Because I was distracted and exhausted, the scripts I pounded out lacked enthusiasm. Writing is the most sacred part of the job to me—the achingly, thoughtfully sought-for words that communicate what I saw to the person watching—and I was faltering even in this, the part of my craft I had worked all my life to perfect.

And there was the never-ending loneliness. The intimacy was long gone. Jan was no longer a lover, she was now someone that I needed to constantly watch over and care for.

In the midst of this, I had a flashback while working on a routine story. It was a classic symptom of Post Traumatic Stress Disorder. In this instance, an innocuous event triggered memories from covering the Asian tsunami when we were off the coast of Thailand. The tsunami hit on December 26, 2004, and I was in Beijing with Jan and the girls. I had managed to get them all together at Christmas.
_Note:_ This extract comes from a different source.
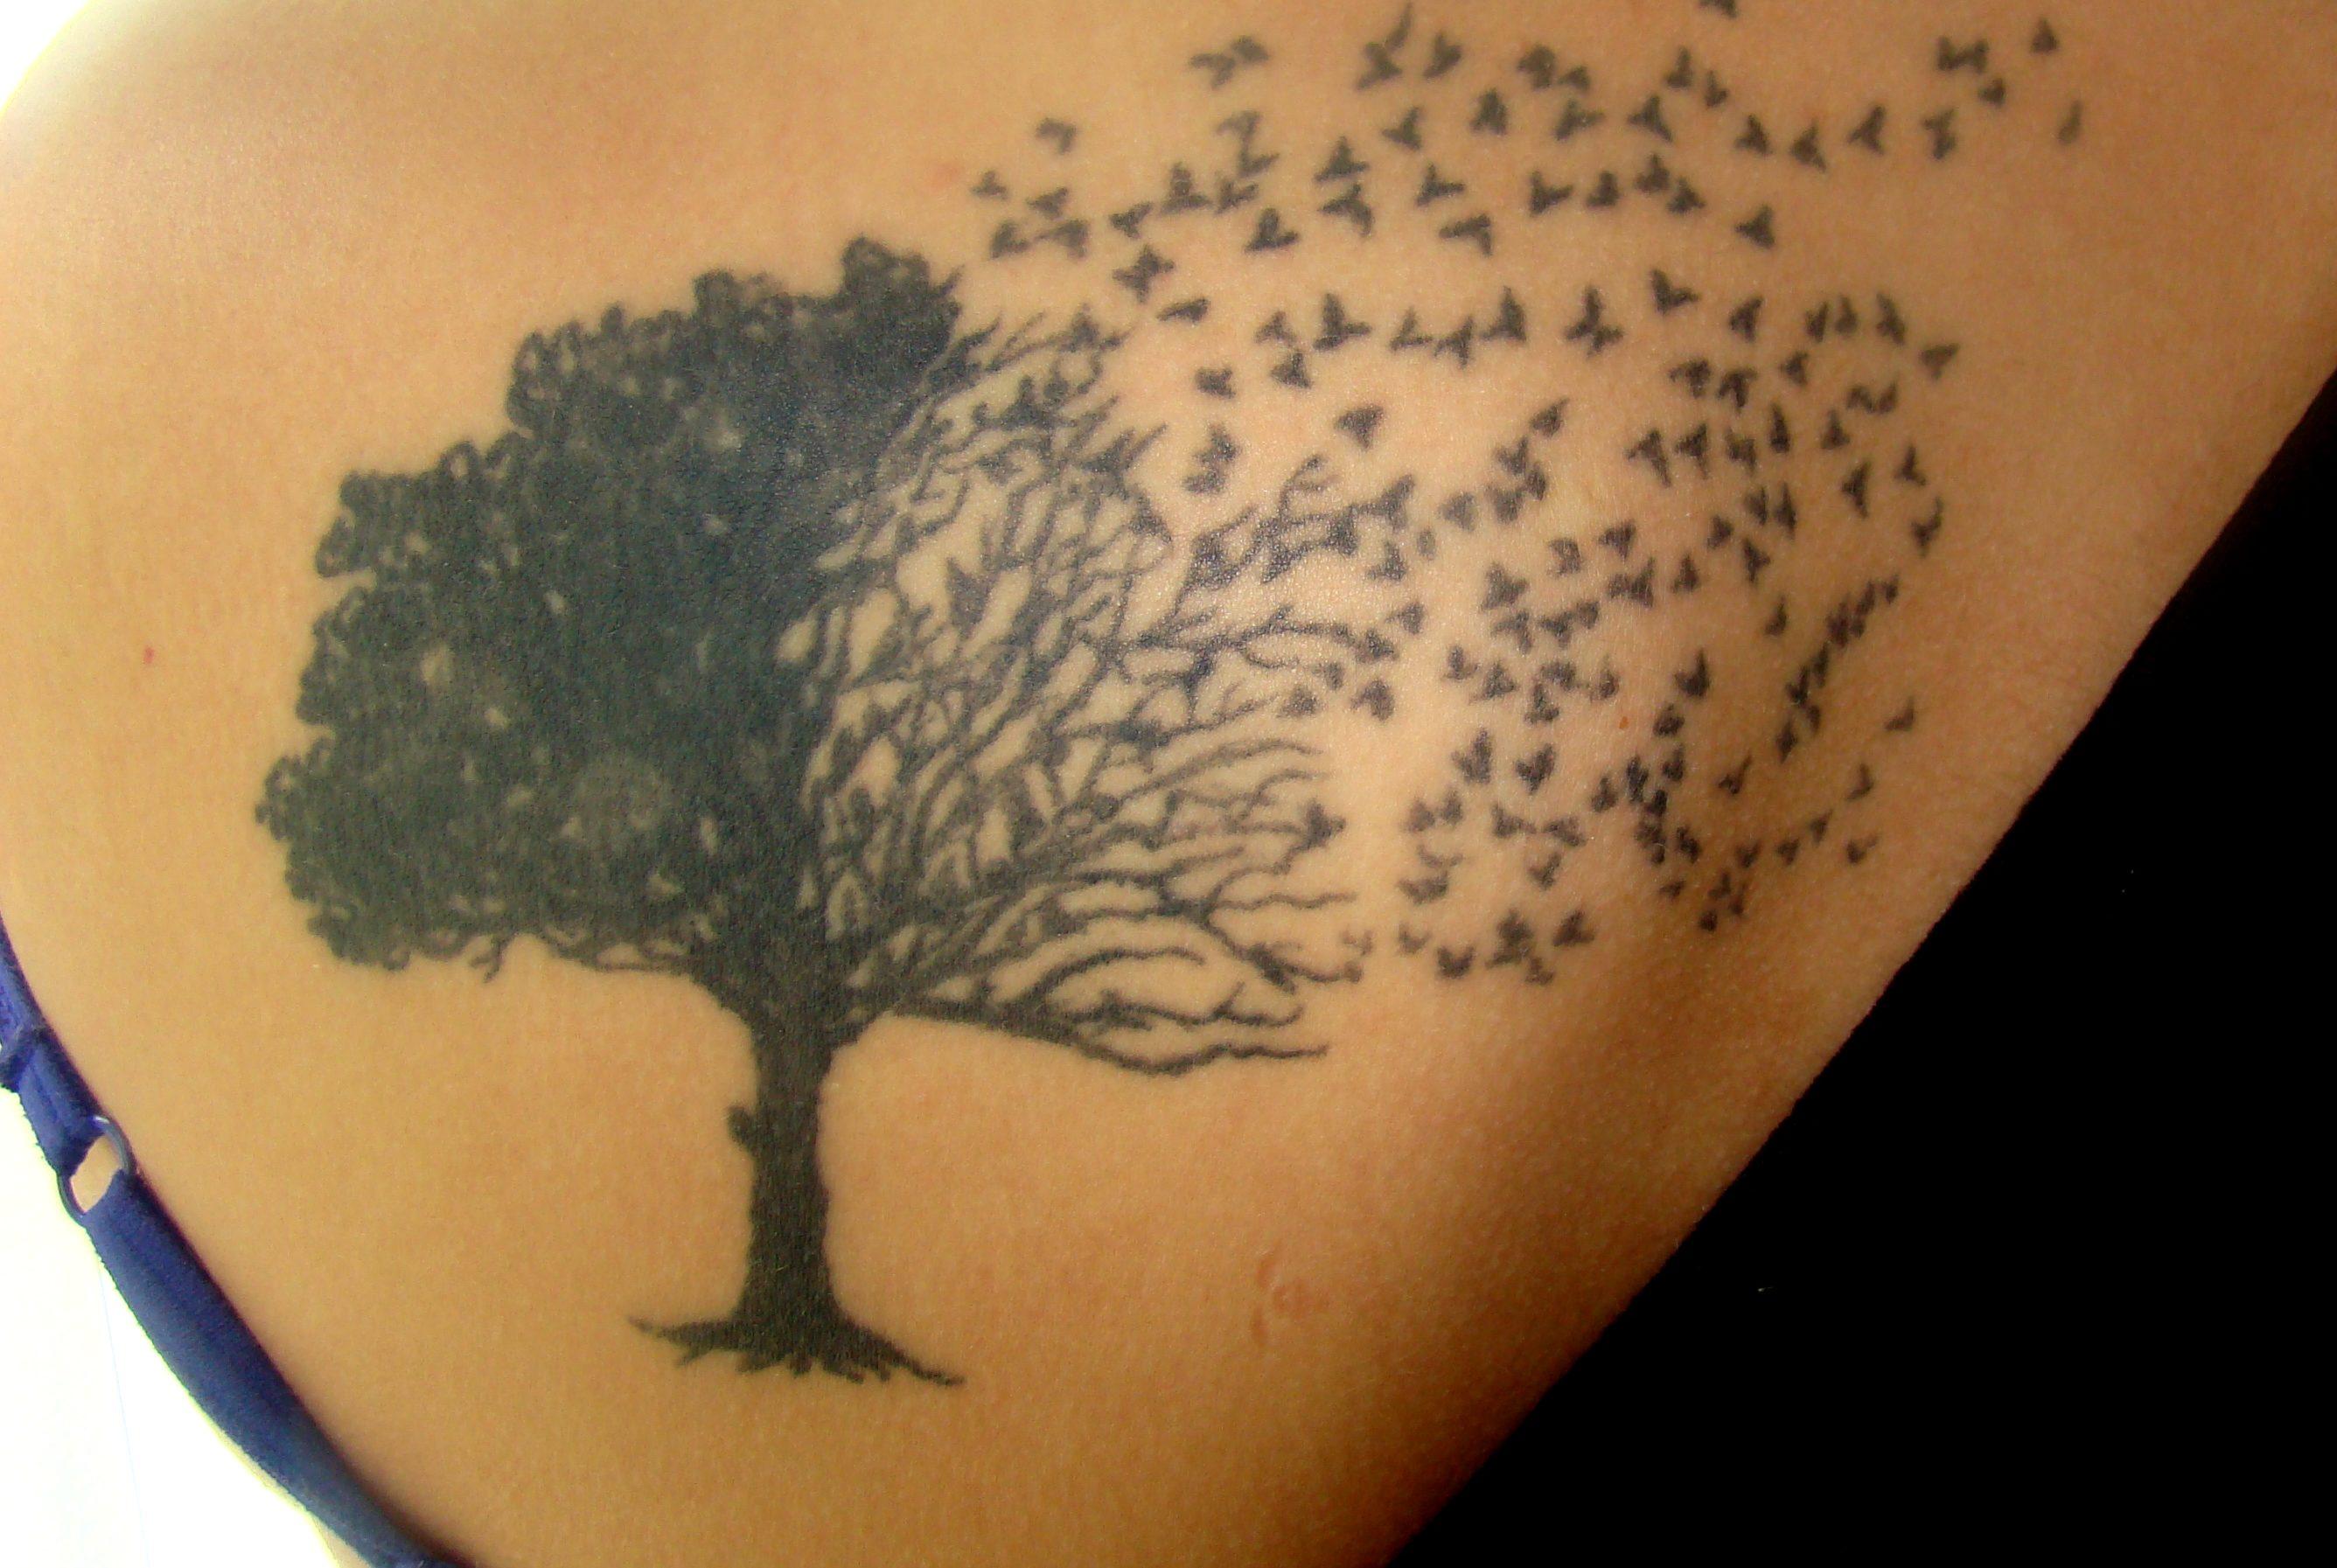 Baum Tattoo 9 Bedeutungen Hinter Dem Lebensbaum Desiredde

But then the phone rang, and I was soon on a plane.

It was one of the hardest stories I had ever covered. The death toll was highest among children because they were least able to run, or even realize what was happening. Many were out playing on the beach.

We were in Phuket, Thailand, traveling up and down the surrounding areas that were hardest hit. It wasn't long before we were surrounded by desperate parents and grandparents holding up pictures of children, hoping that somehow their missing kids were in a hospital or had been airlifted out or were in the makeshift refugee camps. But, of course, most were not. Miracles were in short supply.
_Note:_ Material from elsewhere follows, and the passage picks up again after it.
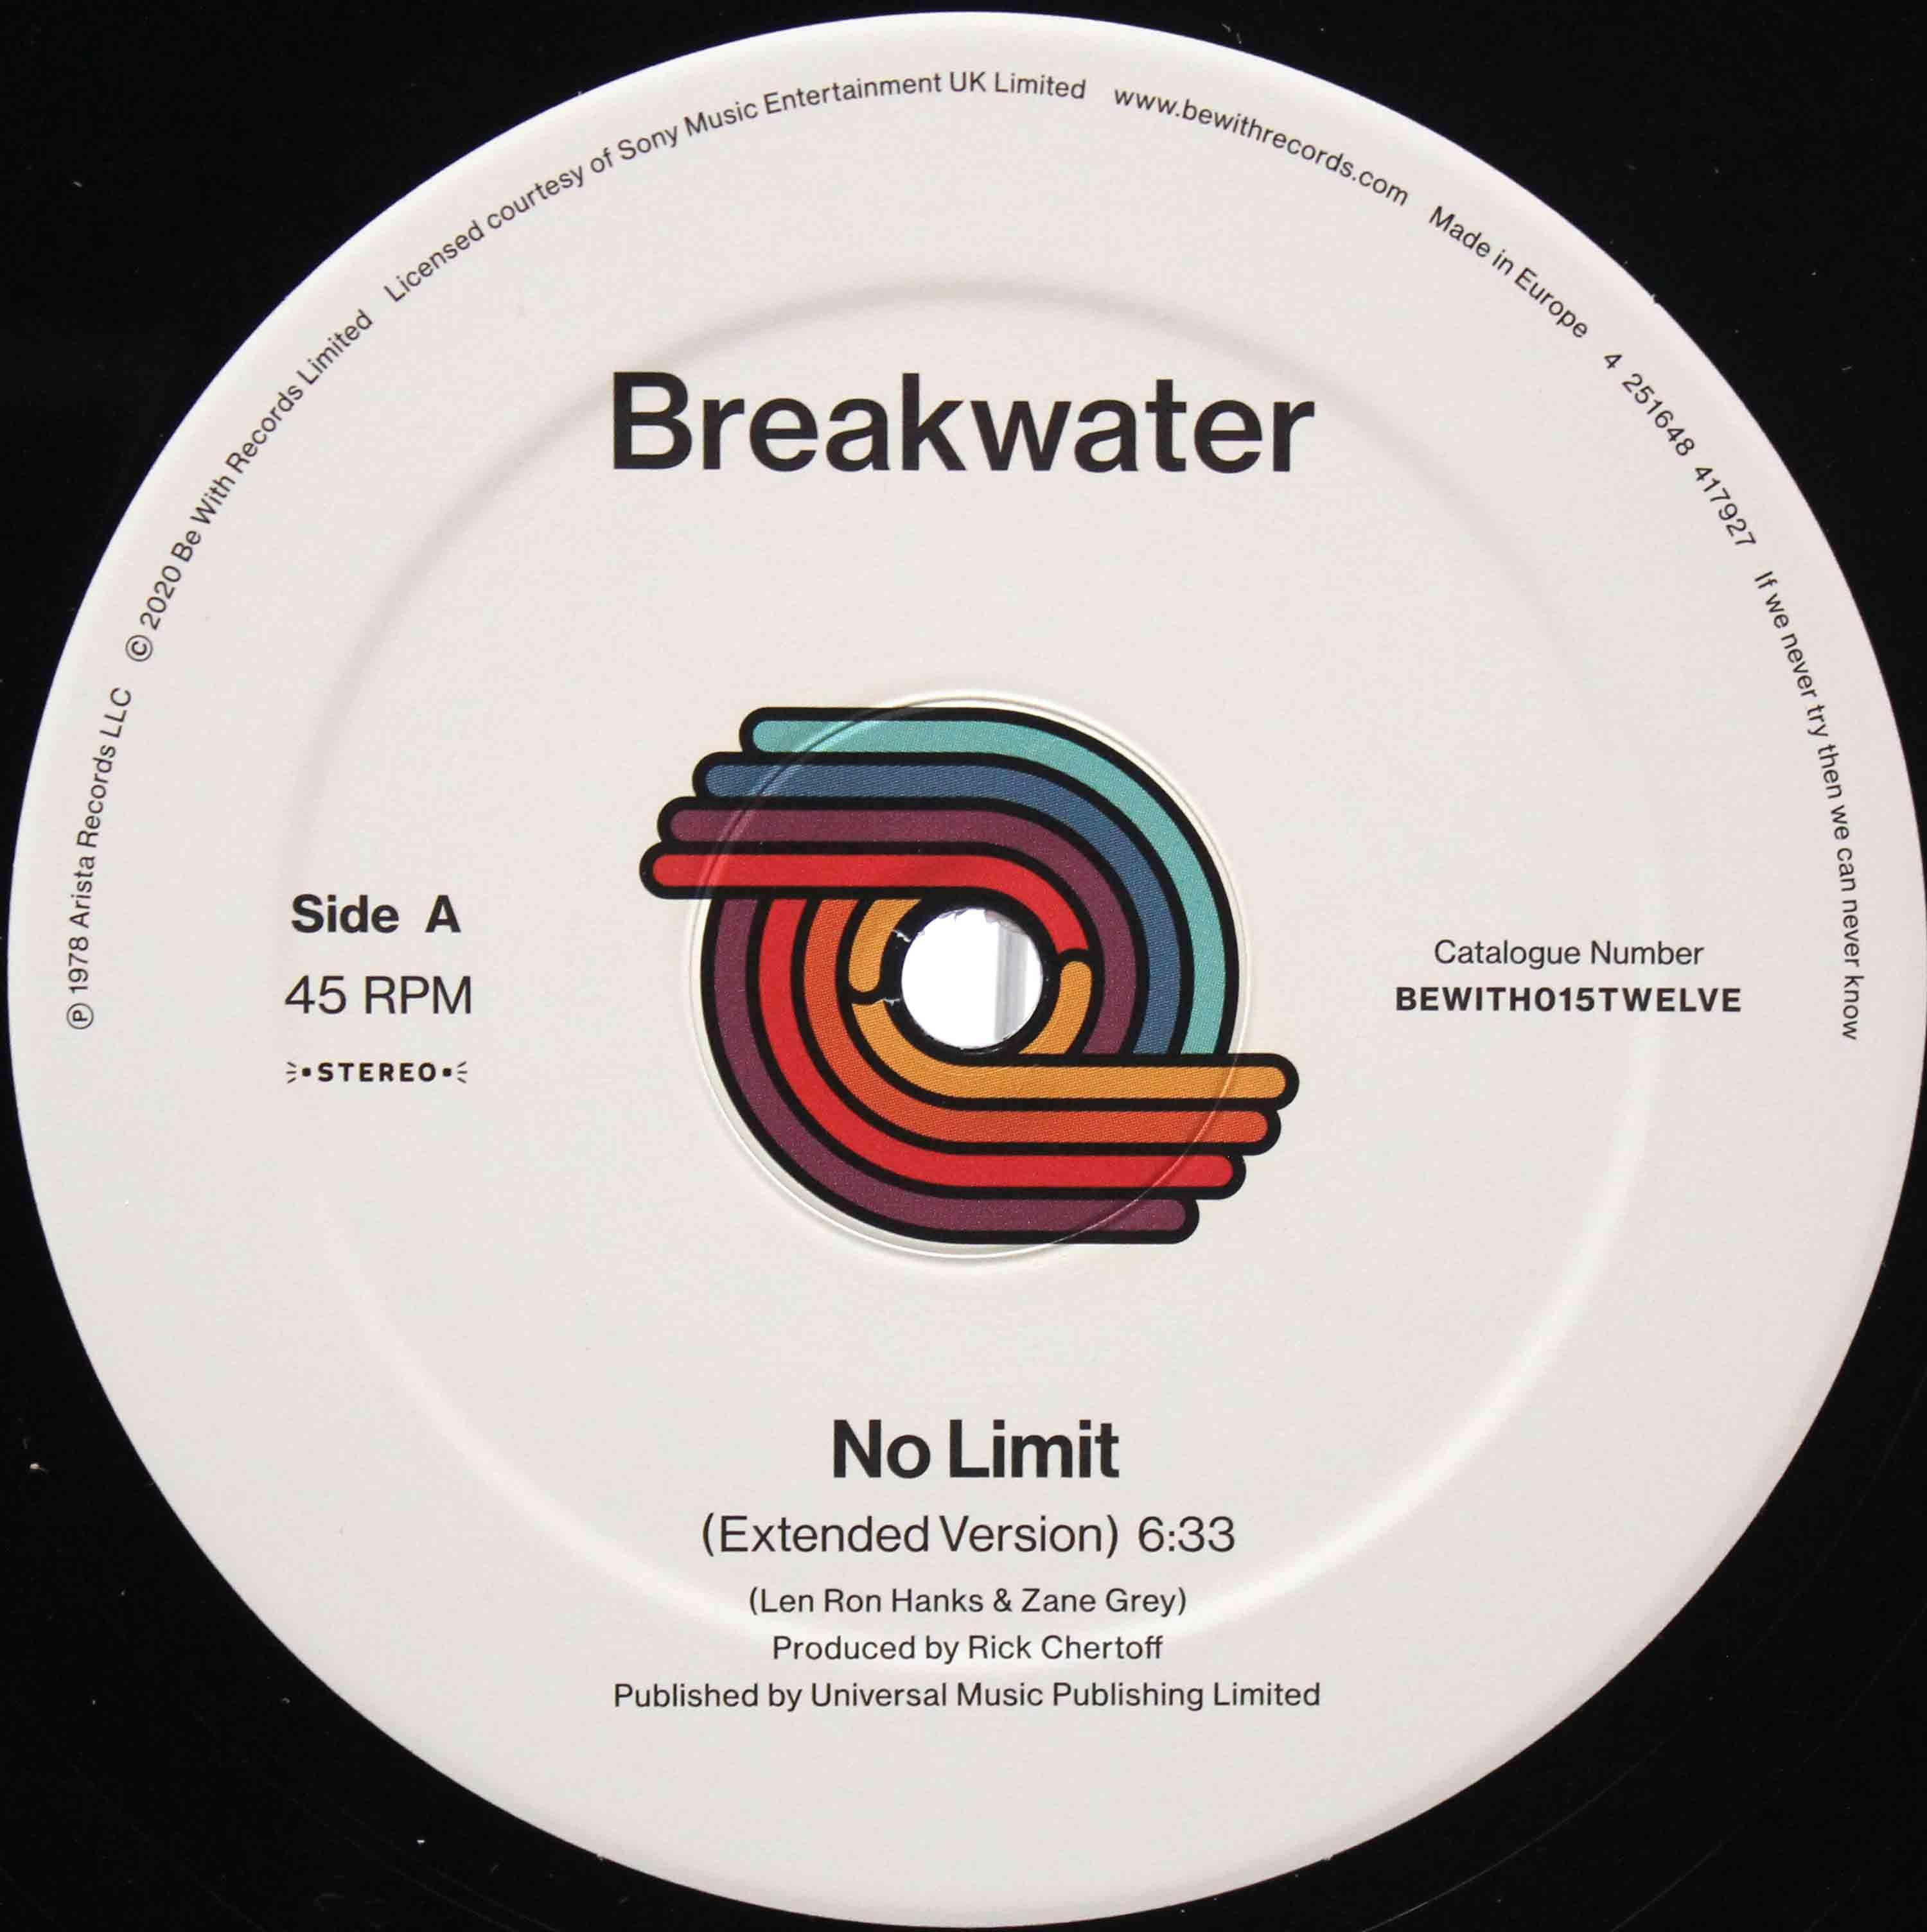 Breakwater - No limit Reisuee UK 03

Buddhist temples became makeshift morgues. Bodies were laid out on the grounds in hopes that family or friends might identify the corpses. I remember seeing many of the dead with their hands raised, as if they were trying to fend off the waters and what would be, for most, a terrifying and certain death by drowning.

One day, as part of our coverage, we were in a boat headed for a story on reef damage from the tsunami. We thought it would be a chance to get away from all the death we had seen. Then, without warning, the boat was suddenly plowing through a field of bleached and bloated bodies that had been washed out to sea when the tsunami hit days earlier.
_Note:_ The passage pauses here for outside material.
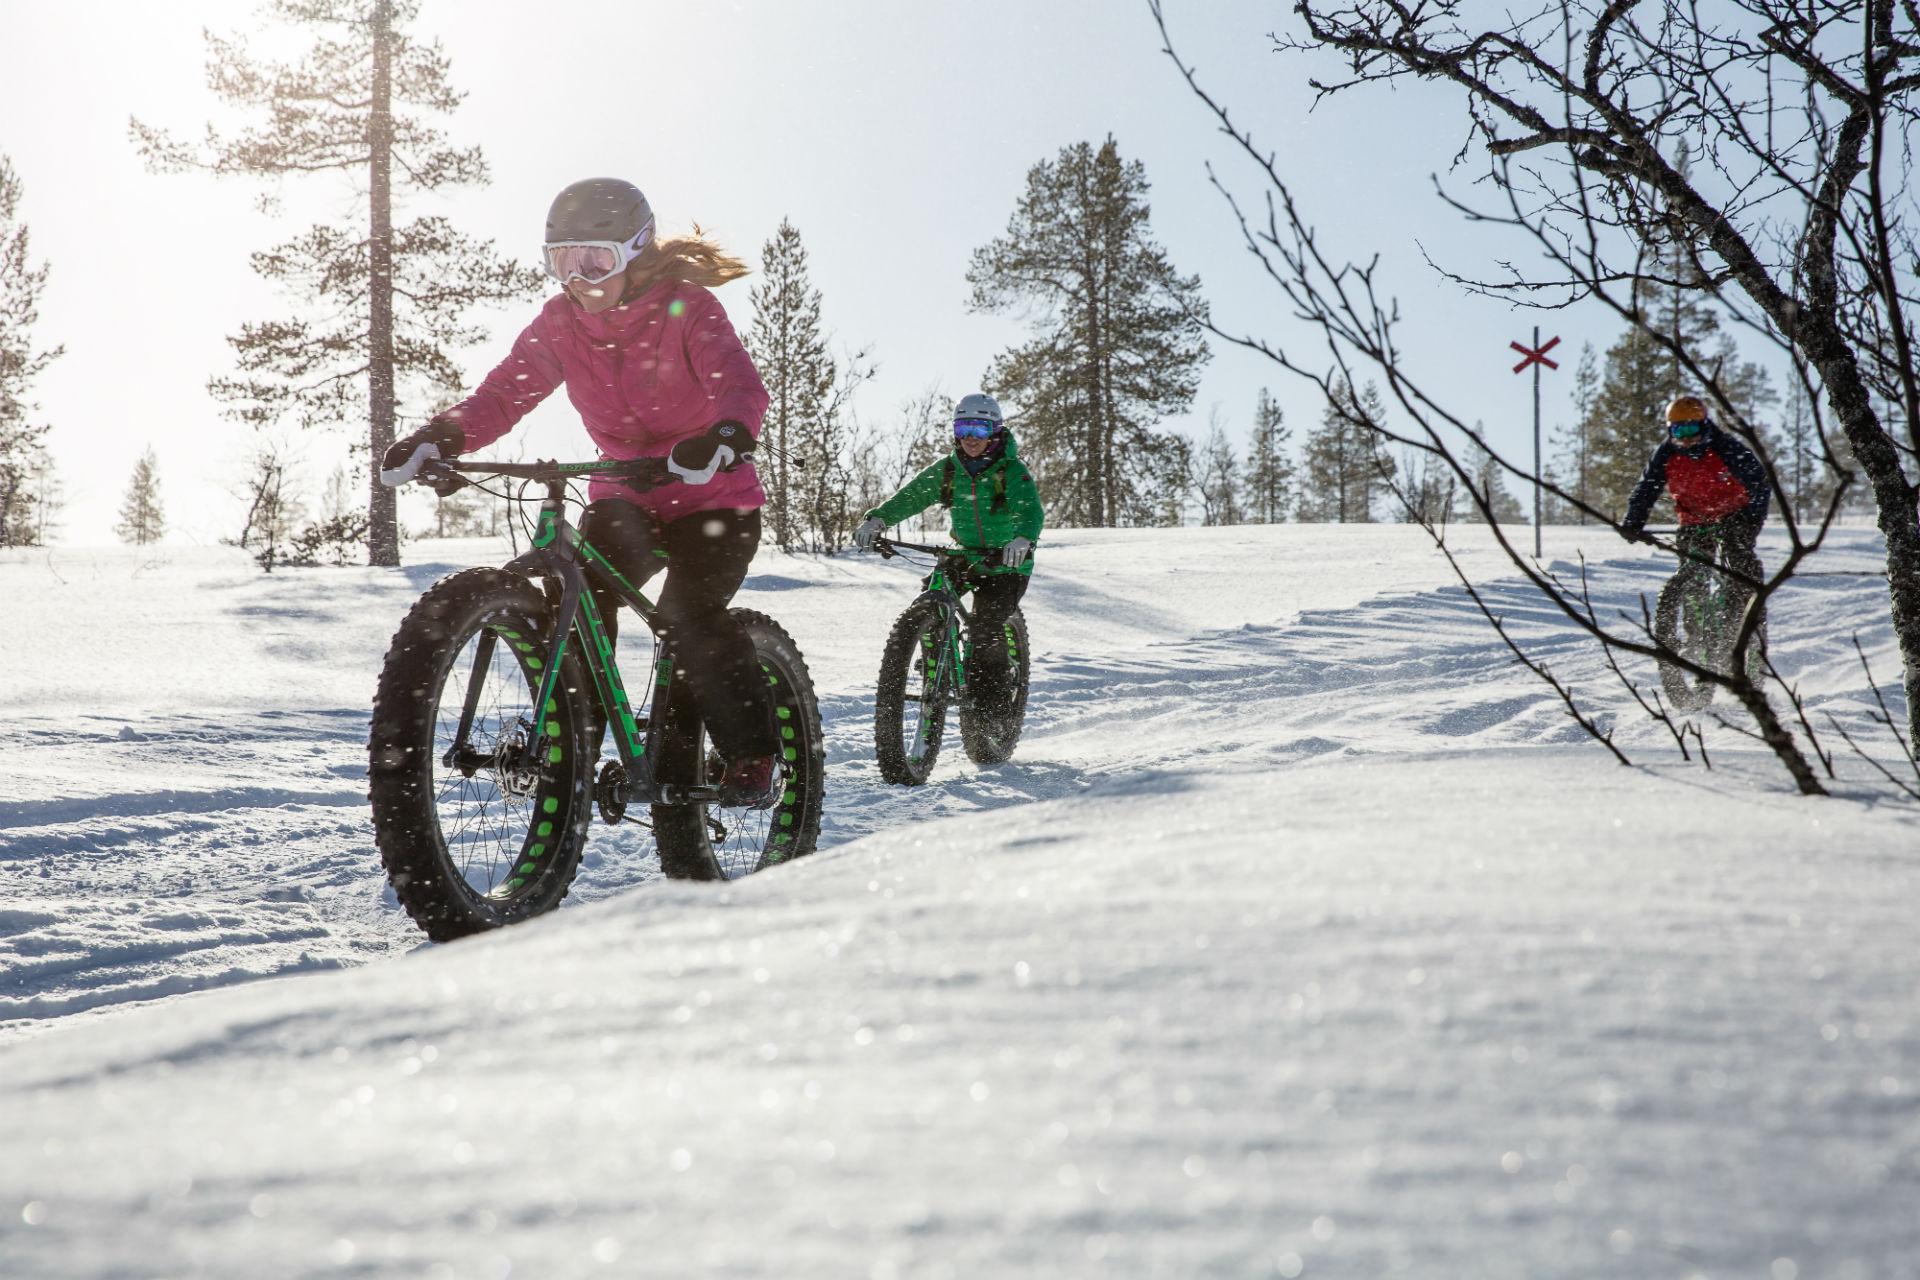 Wintercycling fatbikes Lofsdalen, AdventureSweden.

Now, a year or two later, those horrific scenes flooded back to me in terrifying flashes and sent me racing to a therapist. The PTSD treatment was so intense, quick, and effective, that I failed to take the extra time needed to face up to my ongoing battle with depression, that horror that Winston Churchill called his “Black Dog.”

I was on emotional overload and physically exhausted. I was depressed—God knows I can recognize the symptoms—but I just pushed it away. It was all too complicated to worry about just then. Just get me through the immediate PTSD therapy, and life will be better. I didn't have enough emotional reserve to worry about something far bigger and much deeper. And I didn't want to lose my focus on Jan.

I knew ignoring the depression was unwise. Or a better word might be stupid. I could see what was happening to me, where I was headed, and I knew it wasn't good. In truth, I coped by not thinking about the future. Every day was a victory if I just kept moving my feet, kept coming home and cheerfully yelling “Honey, I'm home!” and making Jan laugh with the martini joke.

But the stress of caregiving is well documented, and the long-term effects range from dangerous to fatal. I was now in a legion of stressed out people where one in ten caregivers say their own health is worse because of what they must do, or force themselves to do. Consider just these two sobering research notes from studies quoted by the Family Caregiver Association (
www.caregiver.org
)

•    Higher levels of clinical depression are attributed to people caring for individuals with dementia (such as Alzheimer's). Studies show that 30% to 40% of dementia caregivers suffer from depression and emotional stress.

•    In 2005, three-fifths of caregivers reported fair or poor health status, one or more chronic conditions, or a disability, compared with one-third of non-caregivers. Caregivers also reported chronic conditions including heart attack/heart disease, cancer, diabetes and arthritis at nearly twice the rate of non-caregivers (45% vs. 24%).